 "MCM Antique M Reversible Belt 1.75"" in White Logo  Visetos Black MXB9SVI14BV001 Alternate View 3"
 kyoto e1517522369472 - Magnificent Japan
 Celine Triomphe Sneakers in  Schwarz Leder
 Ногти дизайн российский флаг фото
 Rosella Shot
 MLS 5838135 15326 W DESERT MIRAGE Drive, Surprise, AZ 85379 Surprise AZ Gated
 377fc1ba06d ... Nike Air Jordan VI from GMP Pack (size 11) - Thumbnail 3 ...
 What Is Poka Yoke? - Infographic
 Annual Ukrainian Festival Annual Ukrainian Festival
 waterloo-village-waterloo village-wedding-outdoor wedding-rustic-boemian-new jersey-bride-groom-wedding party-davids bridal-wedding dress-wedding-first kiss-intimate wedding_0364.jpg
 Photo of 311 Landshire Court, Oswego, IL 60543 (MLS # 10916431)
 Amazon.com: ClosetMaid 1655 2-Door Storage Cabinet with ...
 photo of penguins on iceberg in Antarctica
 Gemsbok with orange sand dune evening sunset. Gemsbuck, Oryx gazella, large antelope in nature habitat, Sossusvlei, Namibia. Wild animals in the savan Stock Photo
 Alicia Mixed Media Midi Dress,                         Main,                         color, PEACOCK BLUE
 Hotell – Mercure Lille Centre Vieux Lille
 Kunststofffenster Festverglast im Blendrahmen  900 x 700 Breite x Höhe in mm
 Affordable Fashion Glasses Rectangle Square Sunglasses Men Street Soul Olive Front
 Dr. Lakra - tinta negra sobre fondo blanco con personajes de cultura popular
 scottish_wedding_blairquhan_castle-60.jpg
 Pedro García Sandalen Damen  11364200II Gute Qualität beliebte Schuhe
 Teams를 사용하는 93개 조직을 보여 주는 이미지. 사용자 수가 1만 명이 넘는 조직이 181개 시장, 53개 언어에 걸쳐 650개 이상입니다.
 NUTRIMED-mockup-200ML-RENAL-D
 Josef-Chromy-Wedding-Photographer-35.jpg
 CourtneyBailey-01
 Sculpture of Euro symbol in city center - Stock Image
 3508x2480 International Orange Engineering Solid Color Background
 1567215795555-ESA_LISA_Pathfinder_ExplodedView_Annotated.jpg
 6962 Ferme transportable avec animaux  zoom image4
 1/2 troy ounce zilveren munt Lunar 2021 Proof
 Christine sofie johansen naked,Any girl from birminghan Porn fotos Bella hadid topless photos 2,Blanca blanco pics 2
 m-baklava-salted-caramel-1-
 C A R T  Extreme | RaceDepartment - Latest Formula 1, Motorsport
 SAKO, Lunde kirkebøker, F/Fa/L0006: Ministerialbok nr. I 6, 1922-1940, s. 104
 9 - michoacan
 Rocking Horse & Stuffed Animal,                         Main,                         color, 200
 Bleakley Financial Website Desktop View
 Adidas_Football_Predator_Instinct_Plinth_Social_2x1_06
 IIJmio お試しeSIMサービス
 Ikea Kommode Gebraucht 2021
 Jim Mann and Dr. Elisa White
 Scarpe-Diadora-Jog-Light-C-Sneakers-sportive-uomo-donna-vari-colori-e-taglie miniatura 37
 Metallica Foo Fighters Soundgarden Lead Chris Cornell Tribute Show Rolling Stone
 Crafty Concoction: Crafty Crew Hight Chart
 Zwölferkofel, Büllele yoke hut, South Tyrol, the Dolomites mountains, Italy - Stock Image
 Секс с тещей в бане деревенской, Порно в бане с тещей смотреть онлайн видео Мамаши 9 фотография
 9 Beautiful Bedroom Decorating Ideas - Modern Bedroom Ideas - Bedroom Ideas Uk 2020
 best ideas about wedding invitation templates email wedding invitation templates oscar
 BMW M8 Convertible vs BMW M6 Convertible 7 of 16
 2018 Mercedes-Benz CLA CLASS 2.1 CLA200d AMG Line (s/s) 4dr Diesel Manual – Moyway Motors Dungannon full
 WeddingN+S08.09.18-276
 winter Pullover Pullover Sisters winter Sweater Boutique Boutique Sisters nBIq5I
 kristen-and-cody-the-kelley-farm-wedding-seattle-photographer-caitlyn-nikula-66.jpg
======
* **REQUIRED ACTION**
Of the lines above, copy each that contains "with".

* **EXERCISE RESULT**
 Amazon.com: ClosetMaid 1655 2-Door Storage Cabinet with ...
 Gemsbok with orange sand dune evening sunset. Gemsbuck, Oryx gazella, large antelope in nature habitat, Sossusvlei, Namibia. Wild animals in the savan Stock Photo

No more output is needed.